What happens next for LaserAway, Ares Management and potential buyers?

The next phase is likely to involve buyer outreach, management presentations and deeper diligence led by Harris Williams. Since the process is early-stage, there is no guarantee of a sale. Ares Management Corporation, Seidler Equity Partners and LaserAway’s founders may decide to sell the company, bring in a new minority investor, refinance the business, or wait for a stronger market if bids do not meet expectations.

Potential buyers will focus on clinic-level economics, same-store growth, customer retention, treatment mix, provider staffing, regulatory compliance, market white space and capital expenditure requirements. They will also examine whether LaserAway’s rapid expansion has created sustainable operating density or simply added locations ahead of proven demand. In clinic roll-ups, growth quality matters more than map coverage.

A successful sale could give Ares Management Corporation a strong exit and set a benchmark for the broader medical aesthetics category.
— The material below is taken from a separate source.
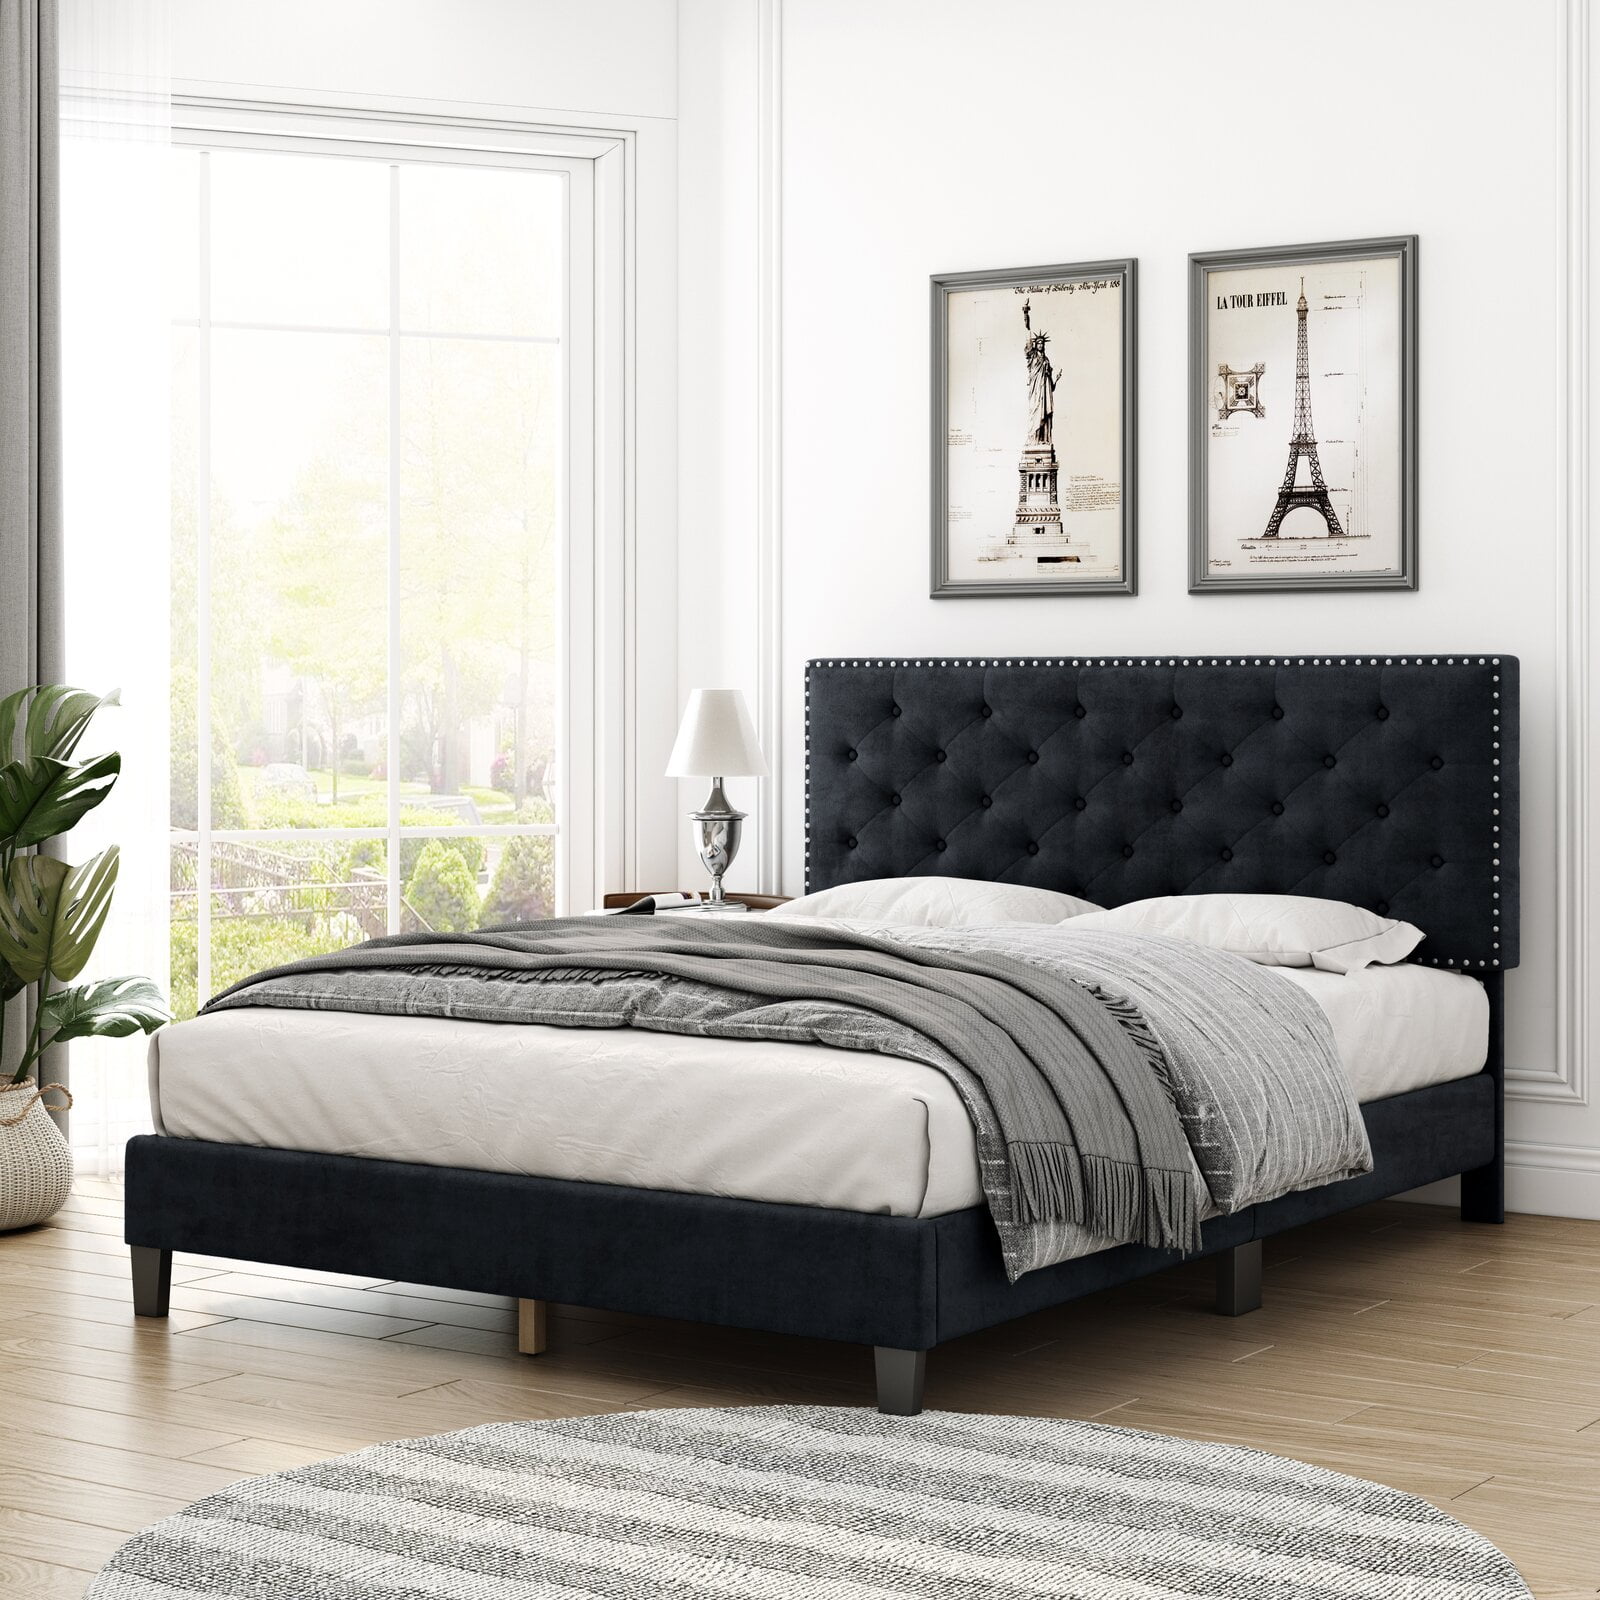 Zeebrasem een vergoeding tempo Homfa Queen Size Bed, Modern Upholstered Platform Bed Frame with Adjustable  Headboard for Bedroom, Black - Walmart.com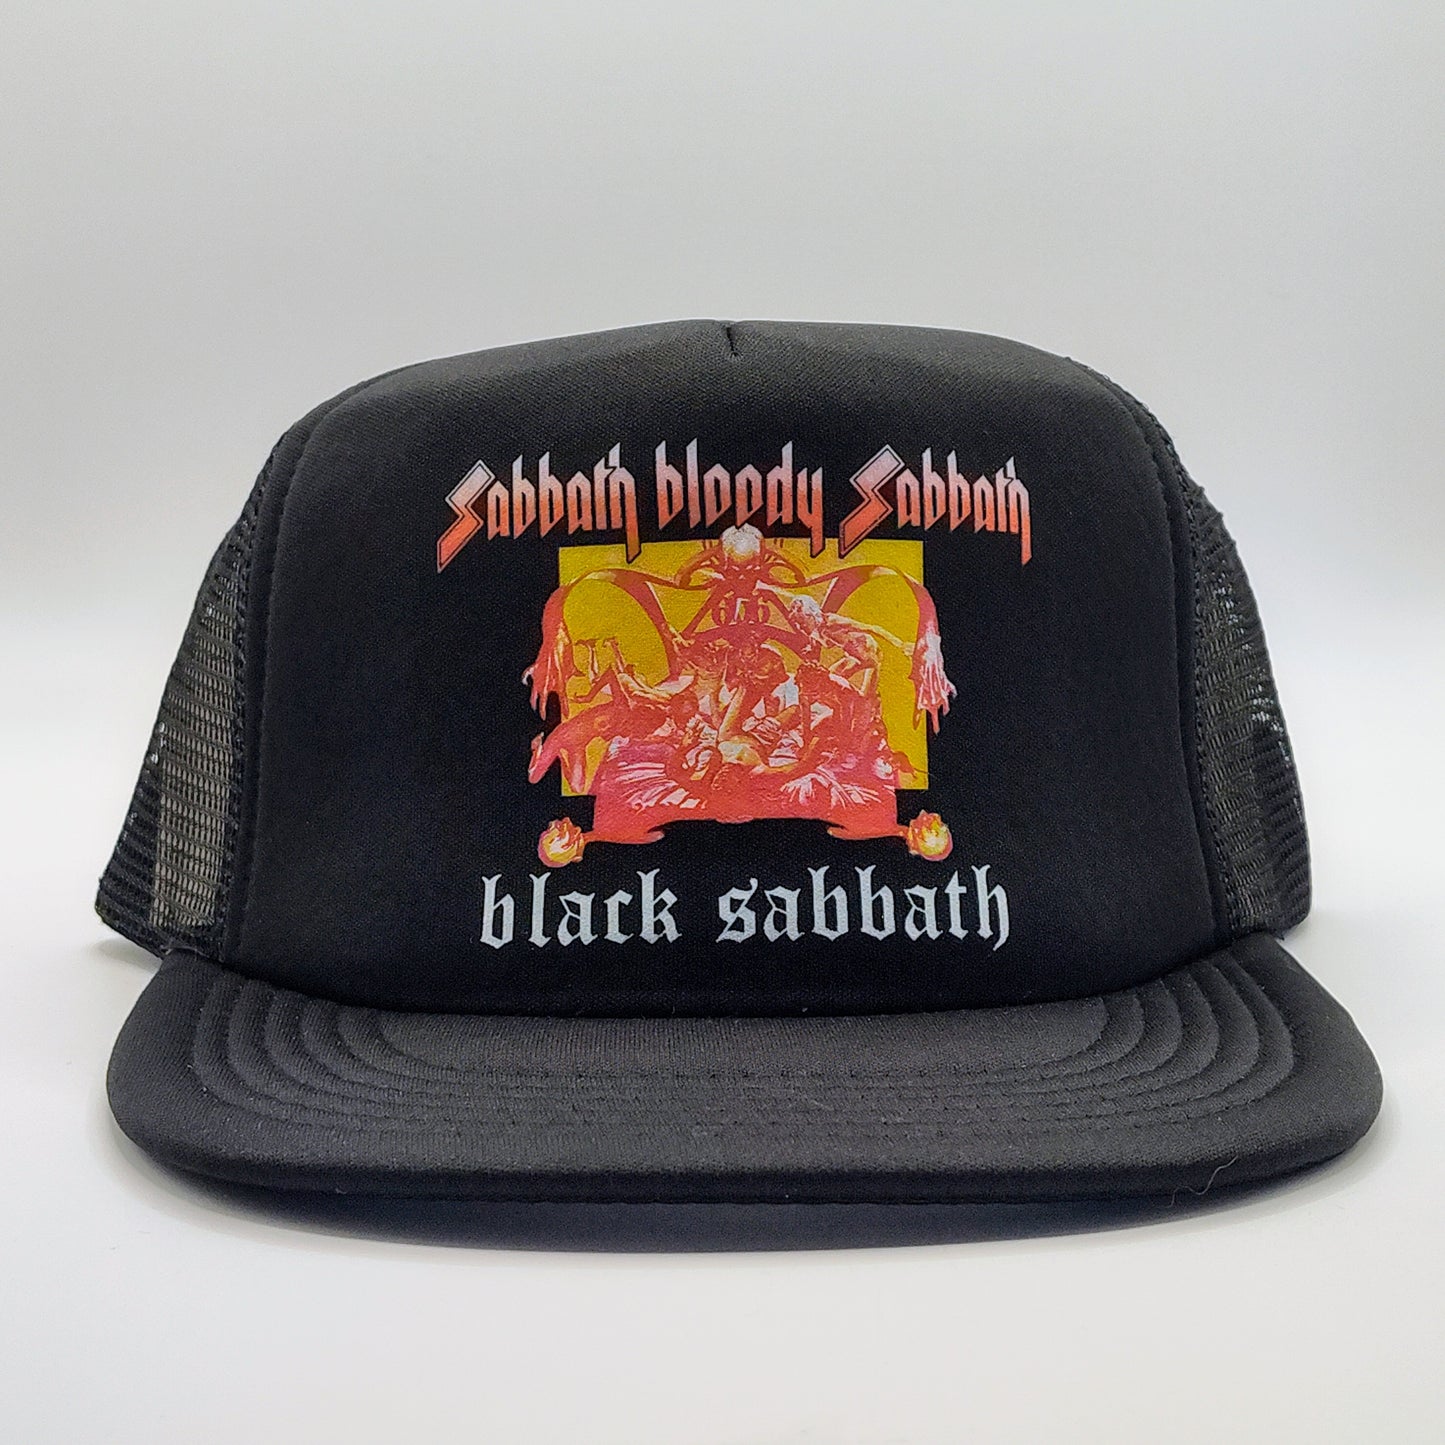 Black Sabbath - Sabbath Bloody Sabbath Trucker Hat

A failed or delayed process would not necessarily damage LaserAway’s business, but it could suggest buyers are becoming more disciplined on med spa valuations. That would matter for other sponsor-backed aesthetic platforms considering exits.

For the medical aesthetics sector, LaserAway is a test case. If buyers pay more than $2 billion for a fast-growing med spa chain, it confirms that beauty-focused healthcare services have become institutional assets. If buyers hesitate, it may show that the sector’s growth story still needs stronger proof on regulation, retention and recession resilience. Either way, the sale process will be watched closely. Botox, lasers and private equity rarely make a quiet room.

Key takeaways on what LaserAway’s sale process means for Ares Management and medical aesthetics investors

  • LaserAway is exploring a potential sale that could value the medical spa chain at more than $2 billion.
  • The company is backed by Ares Management Corporation, Seidler Equity Partners and its founders.
  • LaserAway has hired Harris Williams to run an early-stage sale process.
  • The company operates 219 clinics as of May 2026, compared with 74 locations in 2021.
  • LaserAway generates about $150 million in annual EBITDA, making it one of the more substantial platforms in the med spa market.
  • The sale process highlights private equity’s continuing appetite for medical aesthetics, injectables, laser treatments and consumer healthcare services.
  • Ares Management Corporation shares trade below their 52-week high, but a strong LaserAway exit would support its private equity monetization story.
  • The main buyer risks are valuation, state-by-state regulation, clinical quality, staffing and discretionary consumer spending.
  • A successful deal could set a valuation benchmark for other med spa chains and aesthetic dermatology platforms.
  • The broader signal is that medical aesthetics is moving from fragmented local clinics toward institutional private equity platforms.